For the study of direct prediction of the three-dimensional structure of proteins from sequences, there are two main categories of methods: one is template-based modeling (template-based) and one is non-template direct de novo prediction (ab initio modeling). De novo prediction is becoming increasingly important as template-based modeling approaches are limited by the number and quality of structural templates available in protein structure databases. Although these methods have achieved some success in protein structure prediction, these methods have limited applicability and still do not allow high throughput accurate structure prediction of most proteins.
Protein structure prediction not only helps to enhance human cognition for protein folding mechanisms. Furthermore, structural prediction is of fundamental significance for new protein design-to design a new protein with a particular function/structure, structural prediction is undoubtedly a tool to shorten the design process. Therefore, more effective methods are urgently needed to fill the shortages of the traditional protein structure prediction means.

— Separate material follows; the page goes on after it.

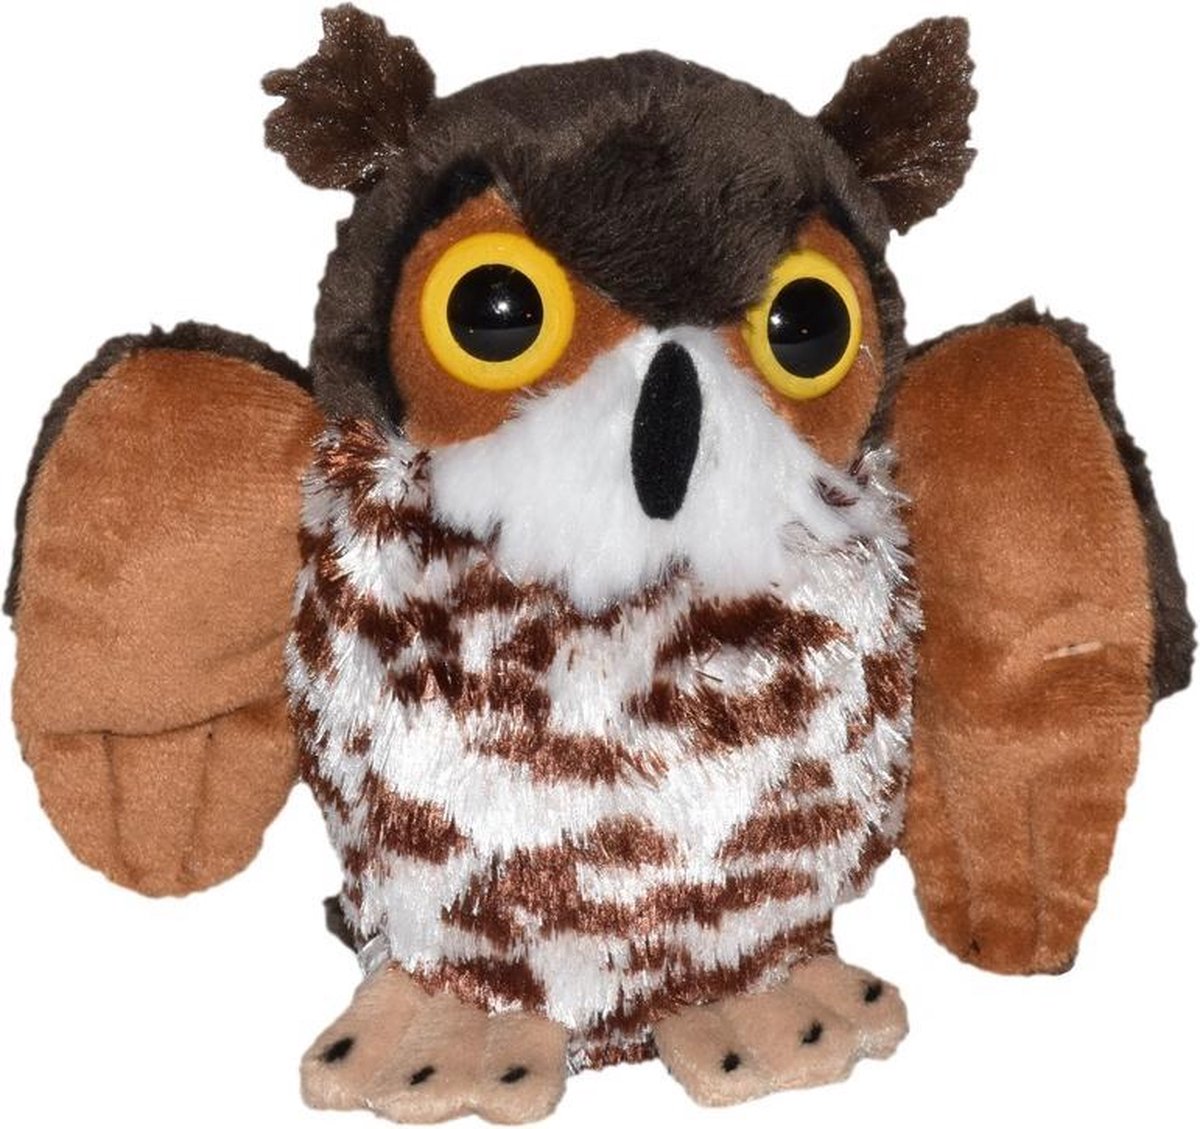 Pluche bruine uil vogel knuffel 12 cm - Uilen bosdieren knuffels - Speelgoed voor kinderen - Wild Republic

In recent two years, the methods of de novo prediction have achieved unprecedented improvements in predicting the tertiary structure of proteins by the latest Deep Learning (Deep Learning) technique. The prediction of protein structure based on deep learning is mainly to reconstruct the structure by predicting two key attributes of distance and angle between amino acids in the protein structure.

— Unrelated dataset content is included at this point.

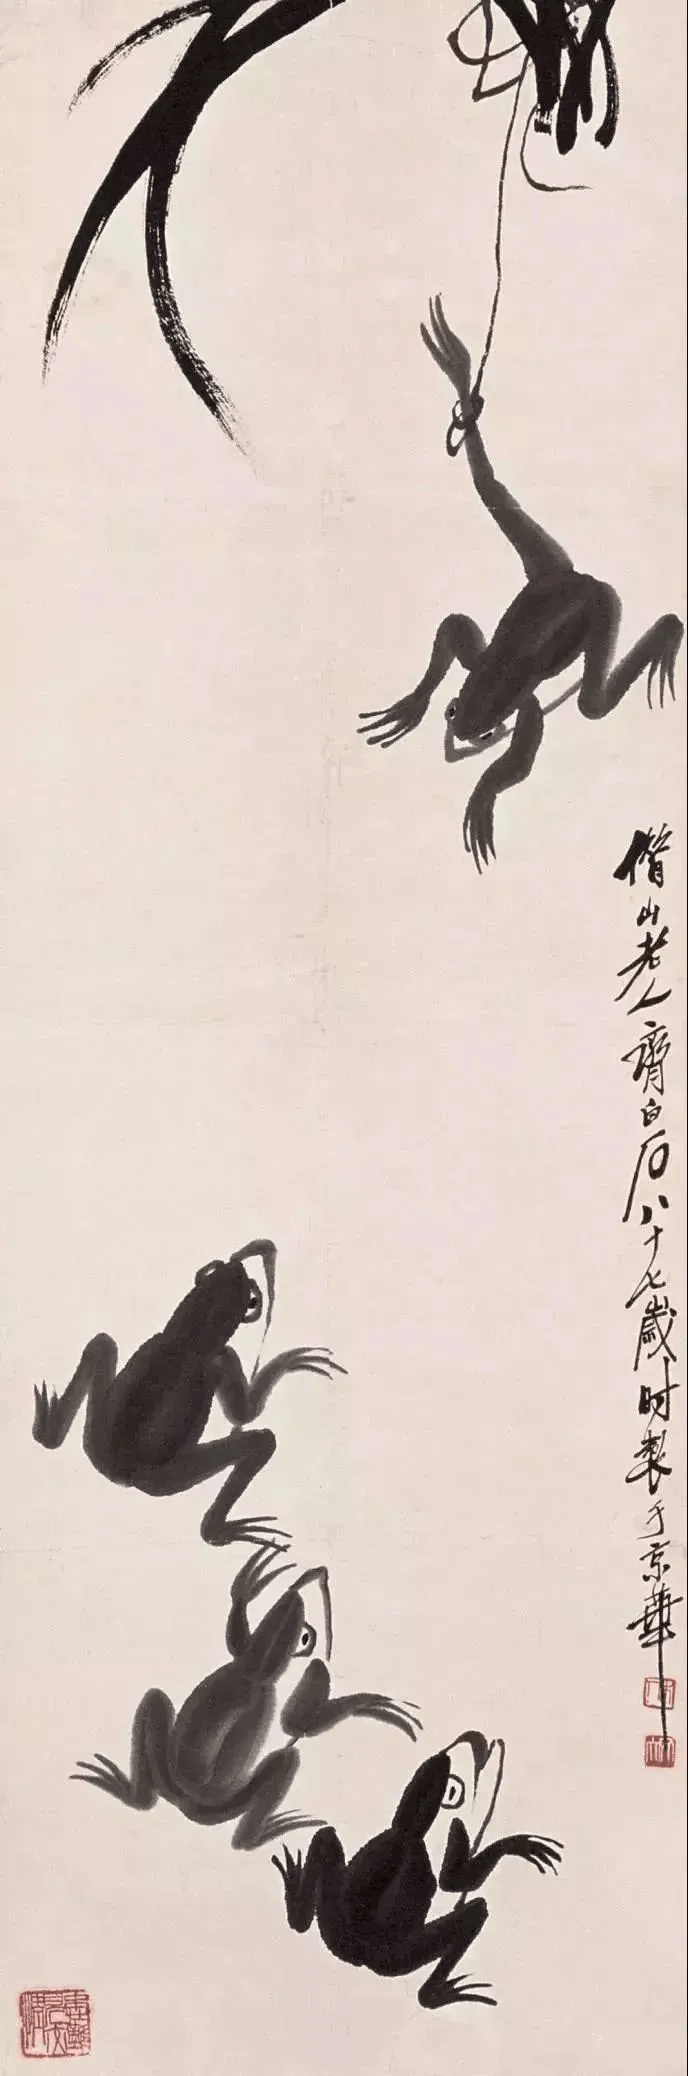 居高声远齐白石的花鸟画传承了中国花鸟画艺术传统与审美并加以创新

(1) Distance: the distance here is the Euclidean geometric distance D (i, j) between any two amino acid residues i and j in the amino acid sequence of the protein, and in general, it is used
Figure BDA0003101410450000021
(angstroms) as a distance unit.
(2) Angle: the Angle herein refers to the geometric Angle between the backbone atoms after one amino acid residue in the protein backbone (Back Bone) is bonded to another amino acid residue, and is specifically expressed as the Torsion Angle between C-Alpha and N, C atoms (Torsion Angle), and is generally referred to as the (phi ) Angle.

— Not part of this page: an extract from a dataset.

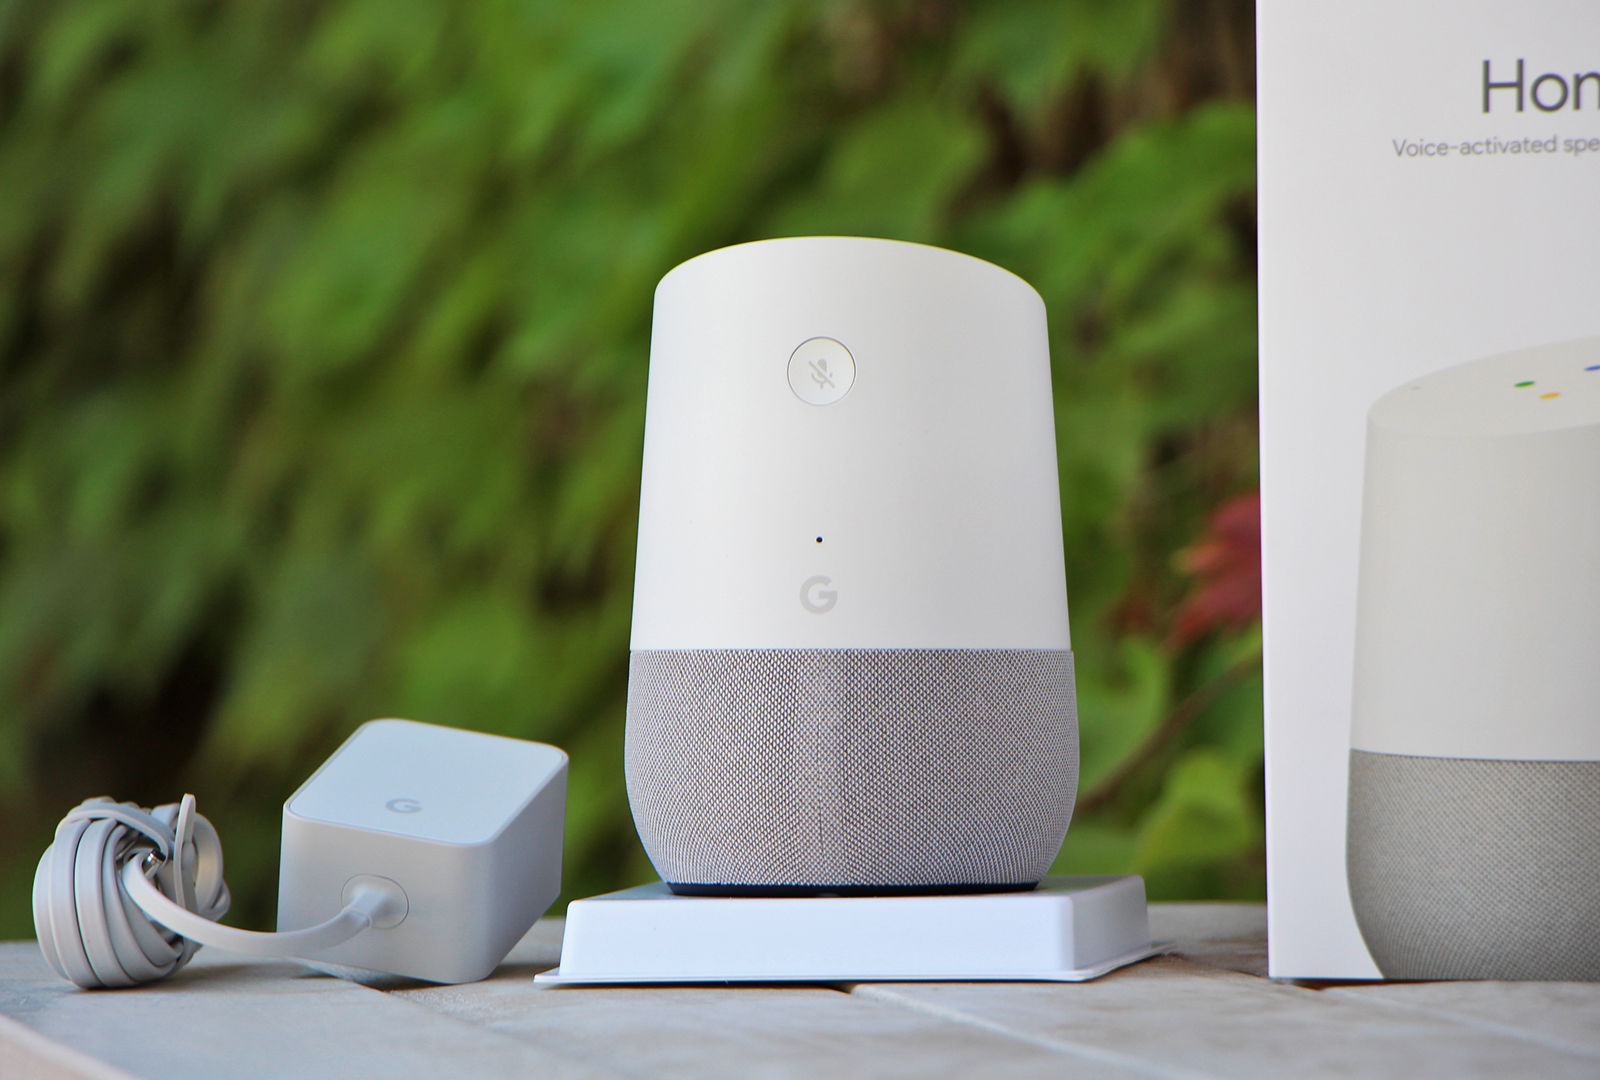 Google Home 智能音箱体验:可能除了亚马逊 Echo，没有谁比它更优秀

The current protein three-dimensional structure prediction based on deep learning mainly comprises three steps: 1. constructing input of a neural network according to the amino acid sequence of the protein; 2. extracting structural information from the constructed input features through a deep neural network, and predicting the distance/torsion angle between amino acid residues; 3. the reconstruction of the three-dimensional structure of the protein is carried out by a gradient descent method.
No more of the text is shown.